Specialised configuration – We added configurable class thresholds (for instance, 0.1 to 0.8) for every class chance to find out label project as we noticed various efficiency in numerous choice boundaries.

This strategy enabled our system to establish a number of delicate information varieties in a single inference go.

Hyperparameter optimization

To search out the optimum configuration for our fashions, we used Optuna to optimize key parameters. Optuna is an open-source hyperparameter optimization (HPO) framework that helps discover the very best hyperparameters for a given machine studying (ML) mannequin by working many experiments (known as trials). It makes use of a Bayesian algorithm known as Tree-structured Parzen Estimator (TPE) to decide on promising hyperparameter combos based mostly on previous outcomes.

The search house explored quite a few combos of key hyperparameters, as listed within the following desk.

Hyperparameter	Vary
Studying charge	5e-6–5e-5
Weight decay	0.01–0.5
Warmup ratio	0.0–0.2
Dropout charges	0.1–0.5
Batch dimension	16, 24, 32
Gradient accumulation steps	1, 4
Focal loss gamma (multi-label solely)	1.0–3.0
Class threshold (multi-label solely)	0.1–0.8

To optimize computational sources, we carried out pruning logic to cease under-performing trials early, so we may discard configurations that have been much less optimum. As seen within the following Optuna HPO historical past plot, trial 42 had probably the most optimum parameters with the very best F1 rating for the binary classification, whereas trial 32 was probably the most optimum for the multi-label.

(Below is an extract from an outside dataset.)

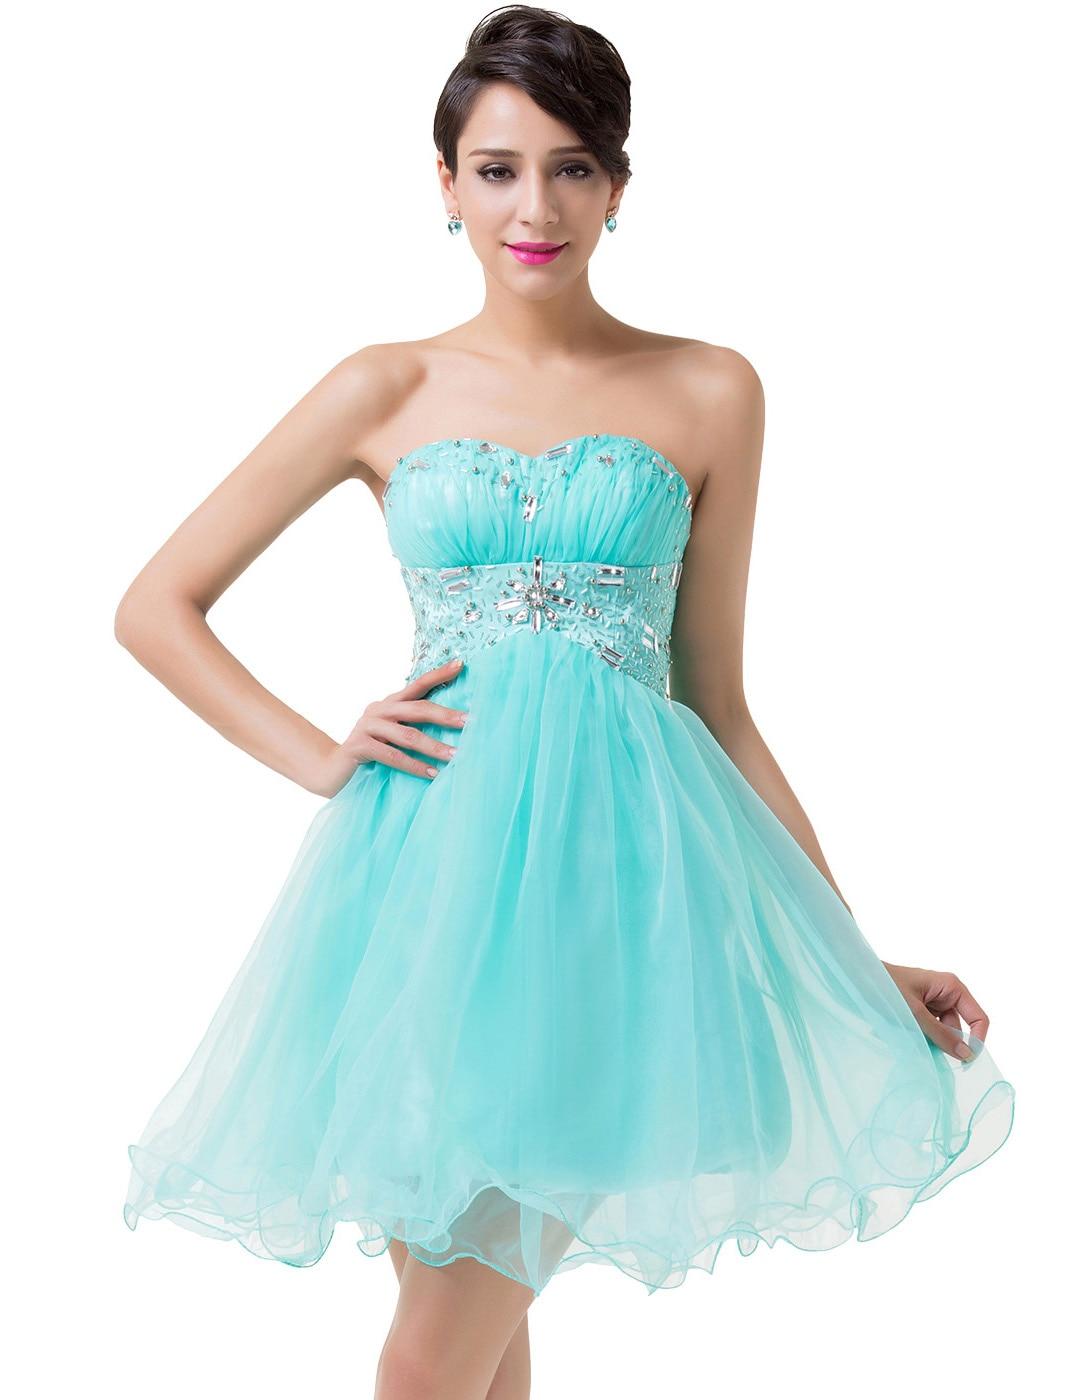 Short teal cocktail dresses – Dress fric ideas
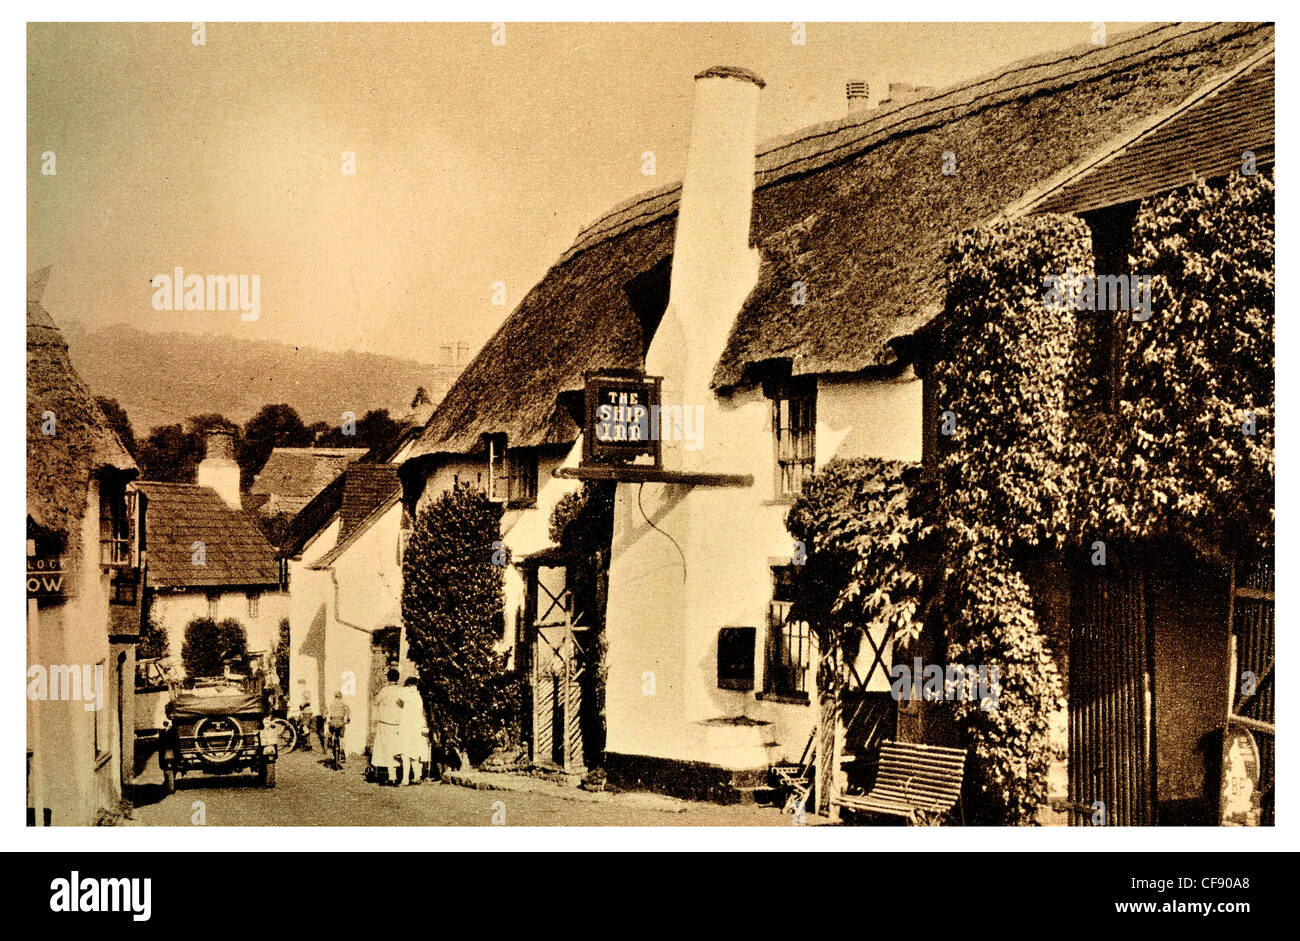 The Ship Inn Porlock thatched thatch public house pub tavern village Somerset South West England Europe UK tourism - Stock Image

Furthermore, our evaluation confirmed that dropout and studying charge have been a very powerful hyperparameters, accounting for 48% and 21% of the variance of the F1 rating for the binary classification mannequin. This defined why we observed the mannequin overfitting shortly throughout earlier runs and stresses the significance of regularization.

After the optimization experiments, we found the next:

We have been capable of establish the optimum hyperparameters for every job
The fashions converged quicker throughout coaching
The ultimate efficiency metrics confirmed measurable enhancements over configurations we examined manually

This allowed our fashions to realize a excessive F1 rating effectively by working hyperparameter tuning in an automatic style, which is essential for manufacturing deployment.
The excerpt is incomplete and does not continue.